==== INFORMATION SHOWN ====
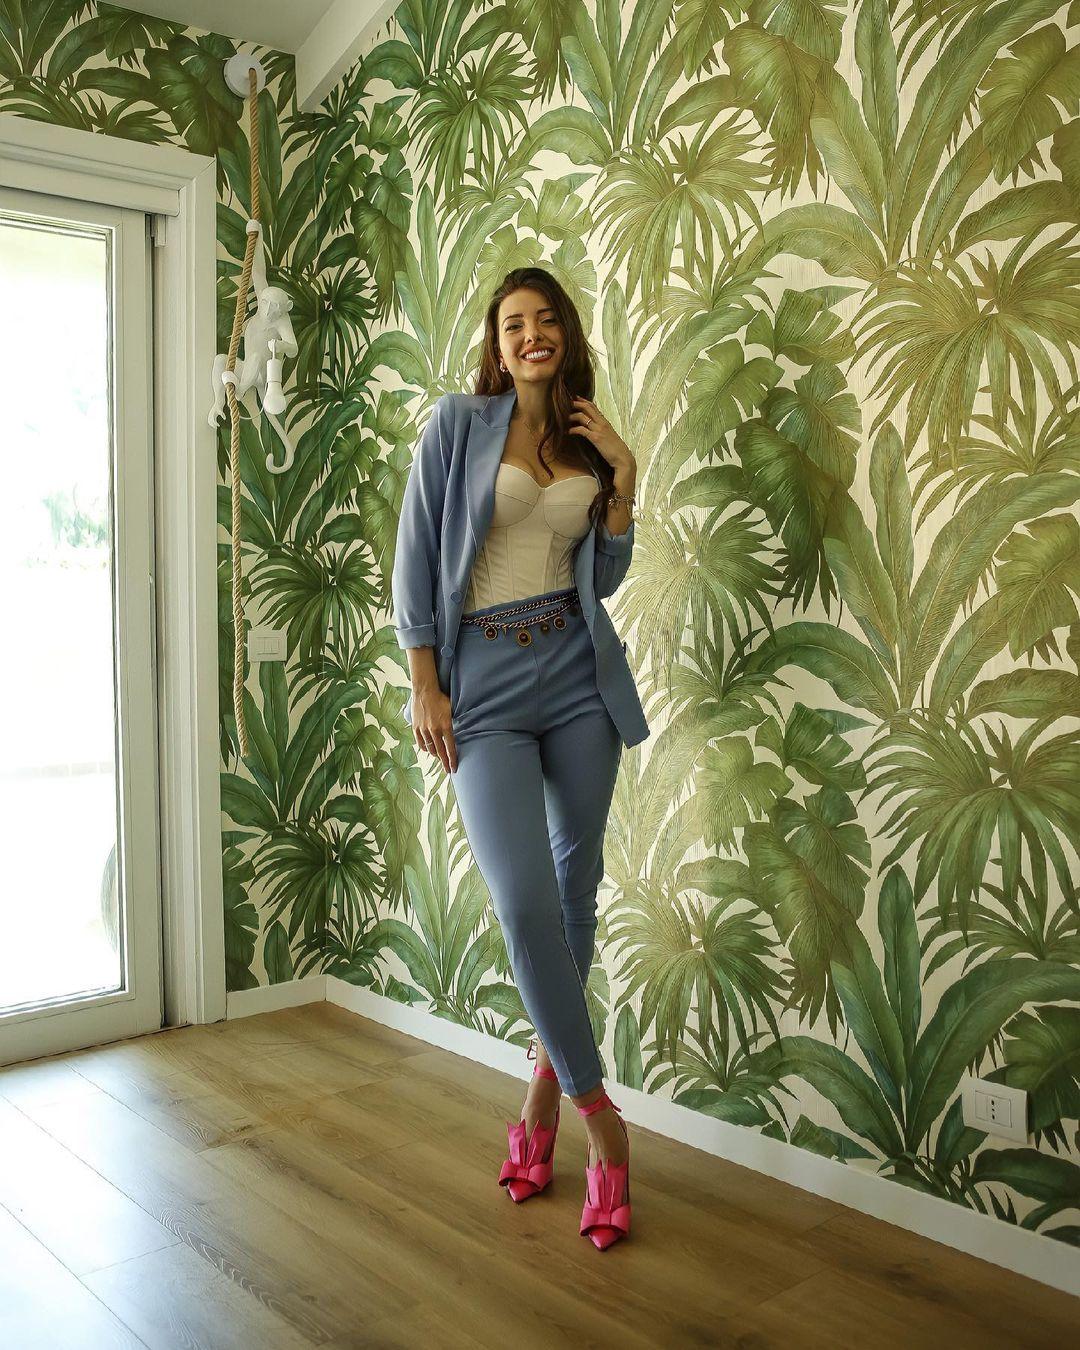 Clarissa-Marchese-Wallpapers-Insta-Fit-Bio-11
====
==== INFORMATION SHOWN ====
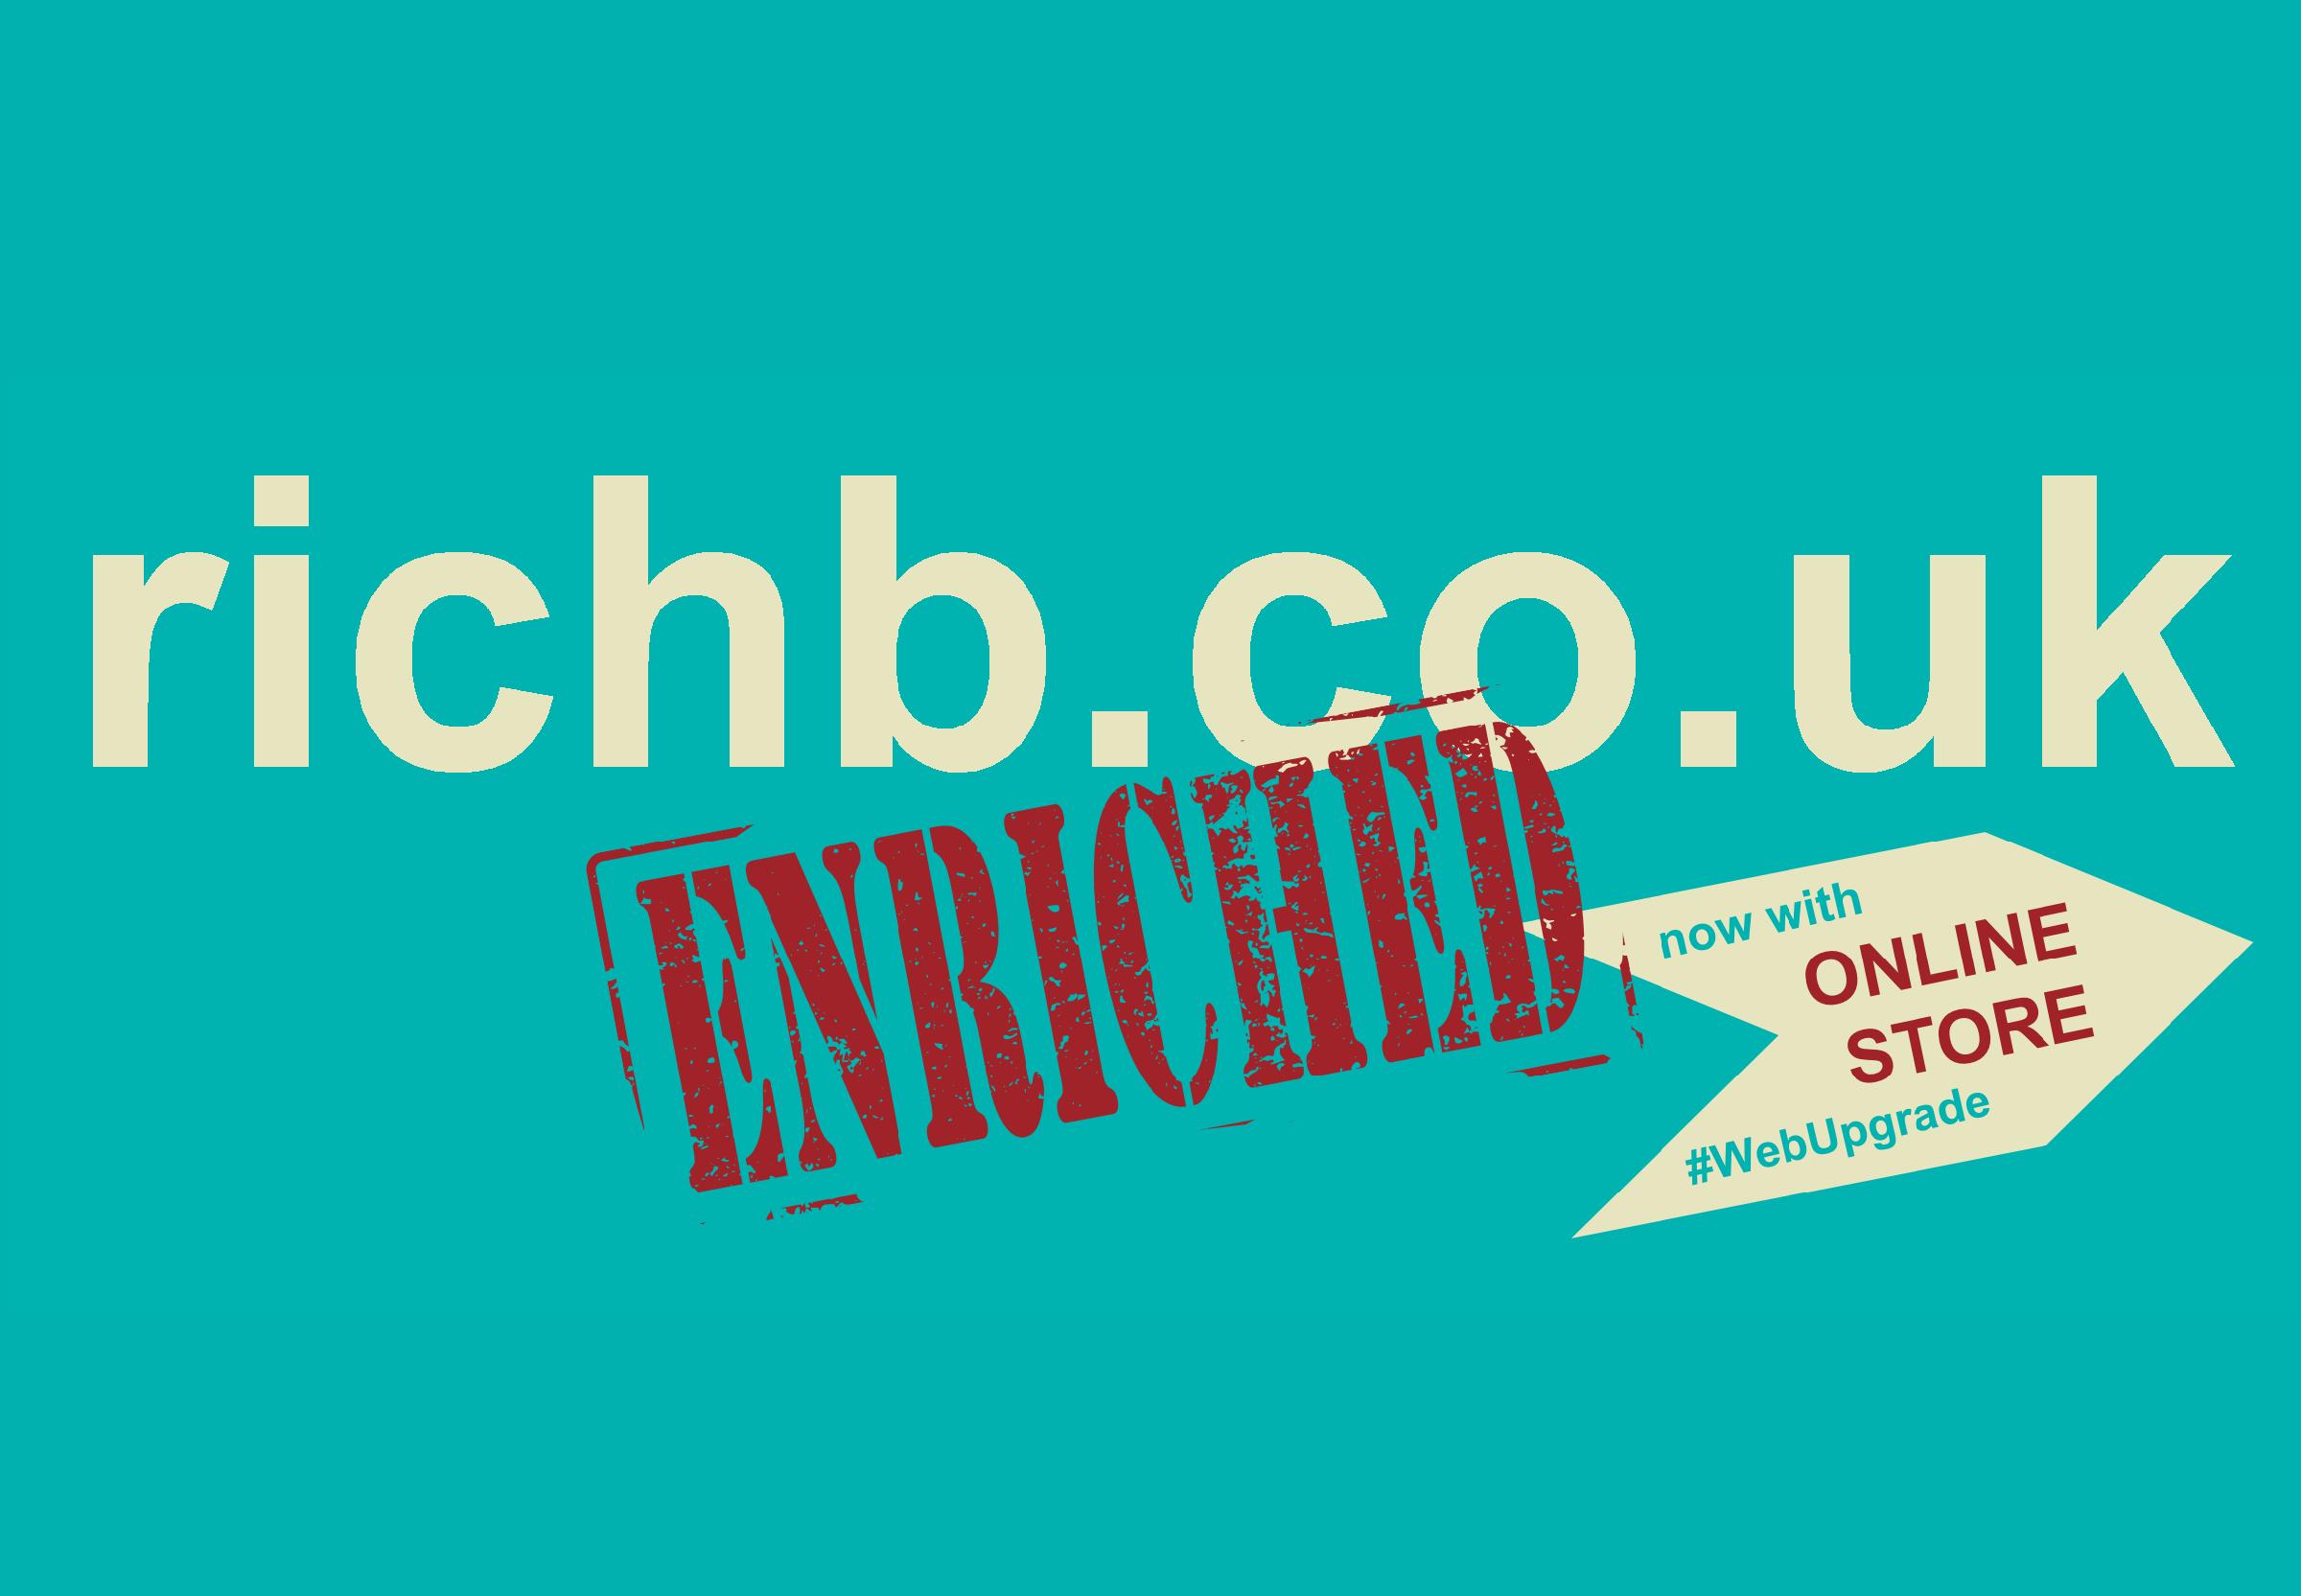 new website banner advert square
====
==== INFORMATION SHOWN ====
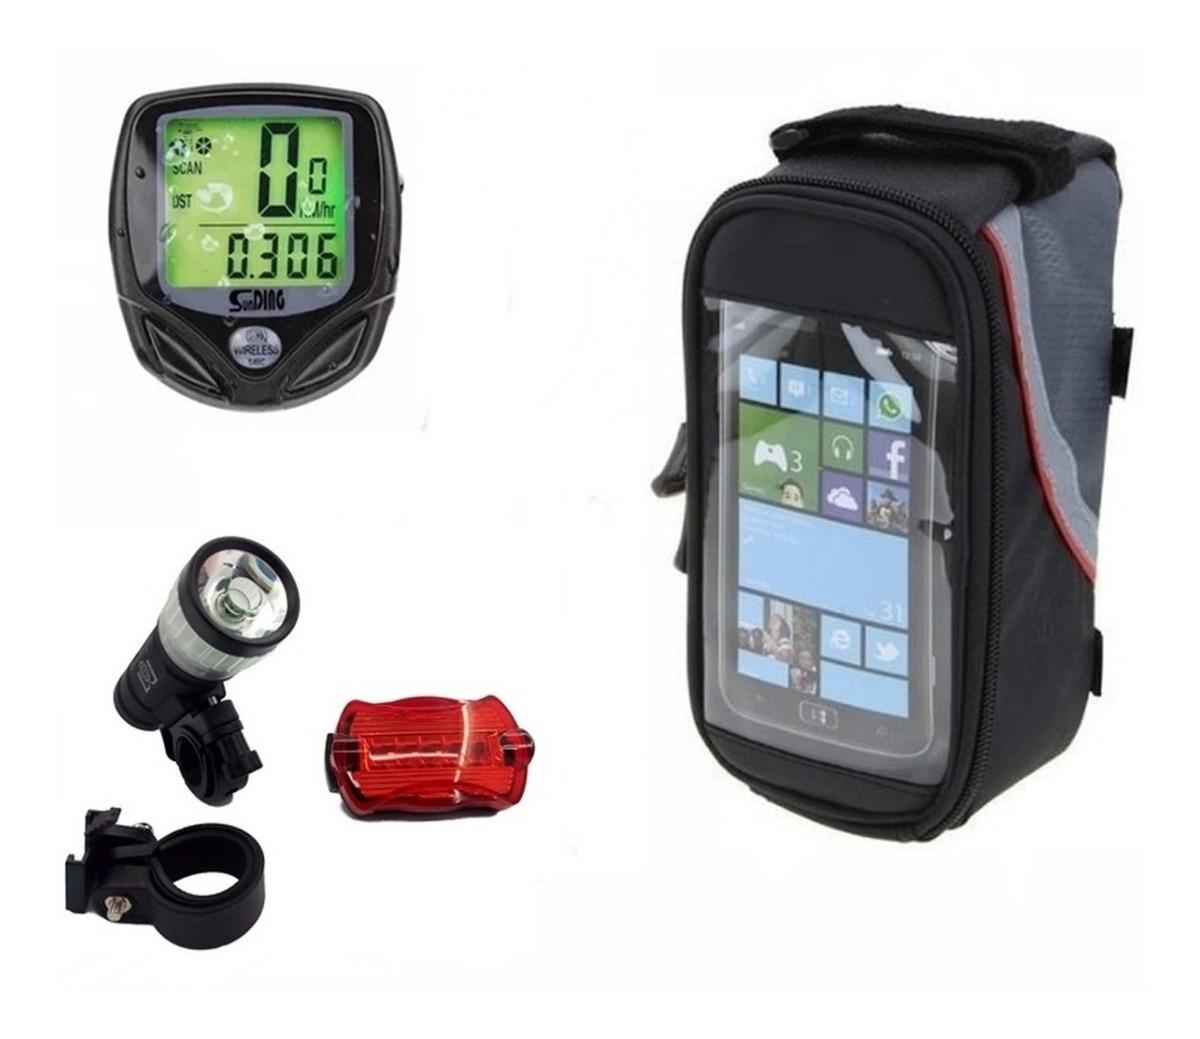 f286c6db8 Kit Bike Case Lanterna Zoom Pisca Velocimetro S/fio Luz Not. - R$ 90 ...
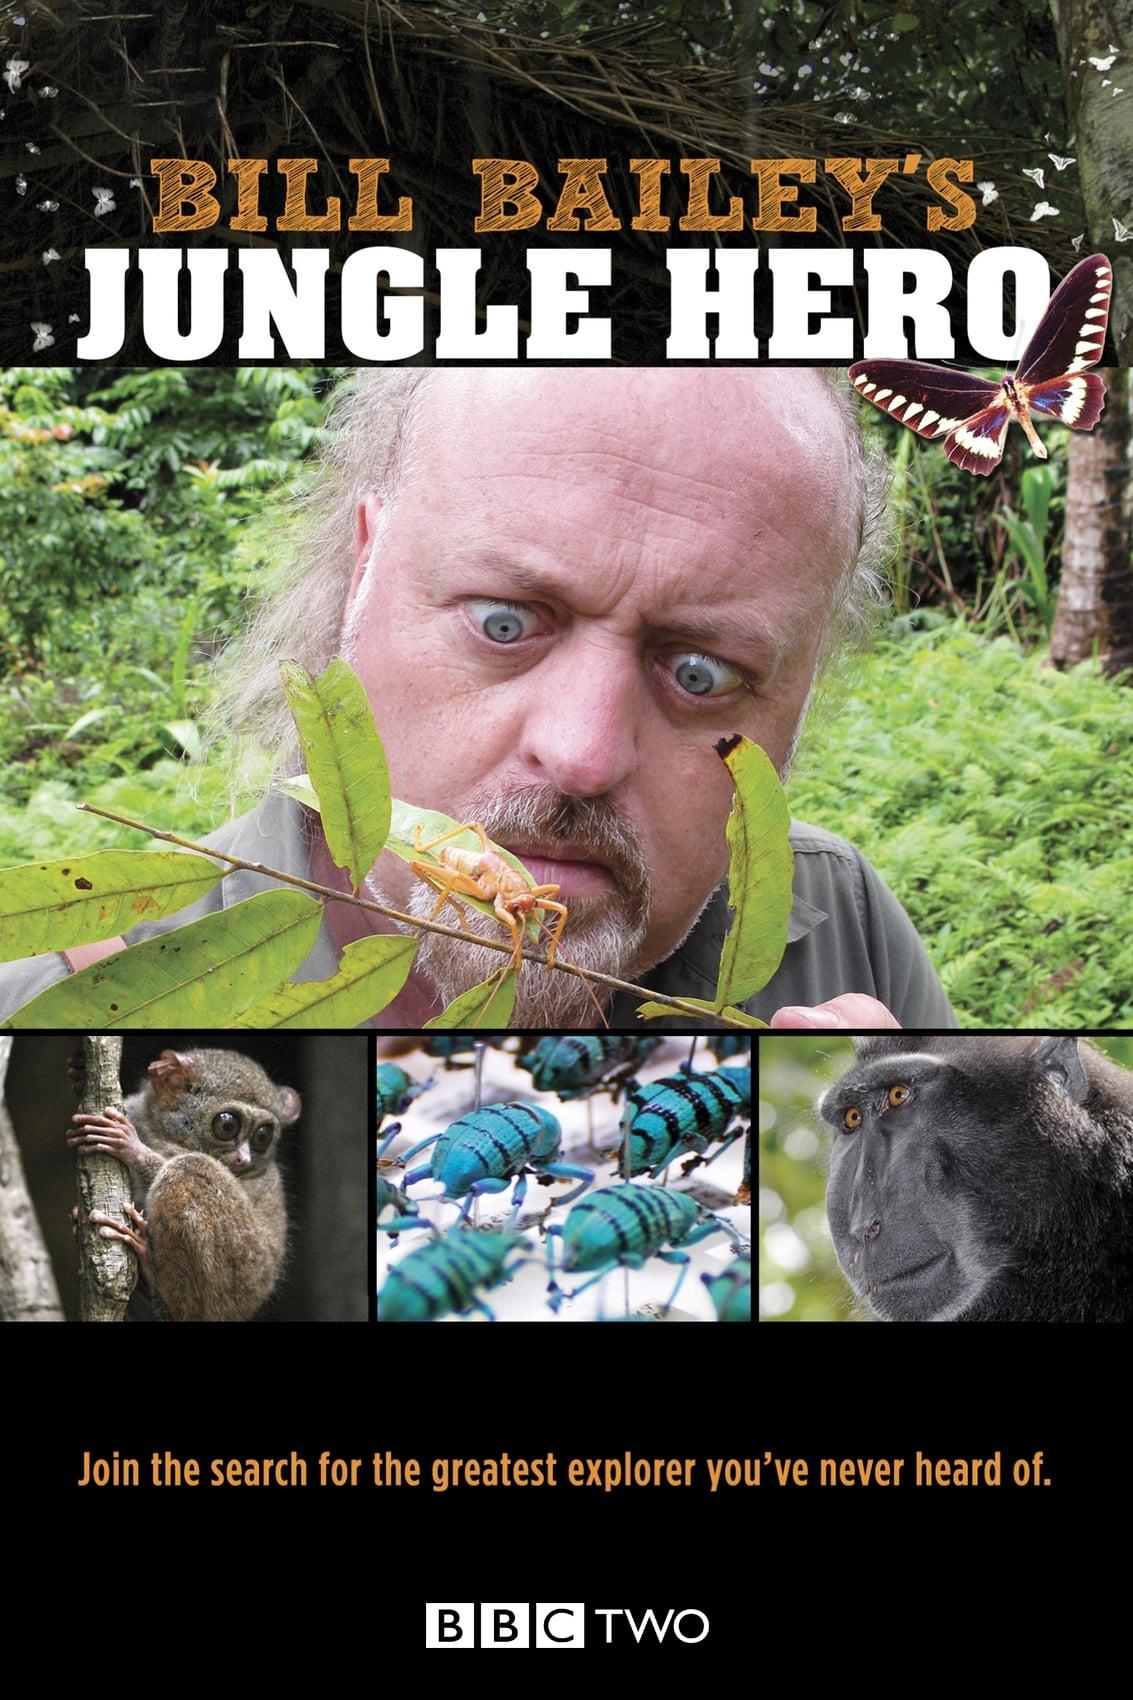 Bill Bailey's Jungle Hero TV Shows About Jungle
====
#### [DIRECTIONS FOR THIS TASK]
Your answer must be the lines above from the one holding "f286c6db8 Kit Bike" up to and including the one holding "Bill Bailey's Jungle", exact and with no pictures.

#### [TASK SOLUTION]
 f286c6db8 Kit Bike Case Lanterna Zoom Pisca Velocimetro S/fio Luz Not. - R$ 90 ...
 Bill Bailey's Jungle Hero TV Shows About Jungle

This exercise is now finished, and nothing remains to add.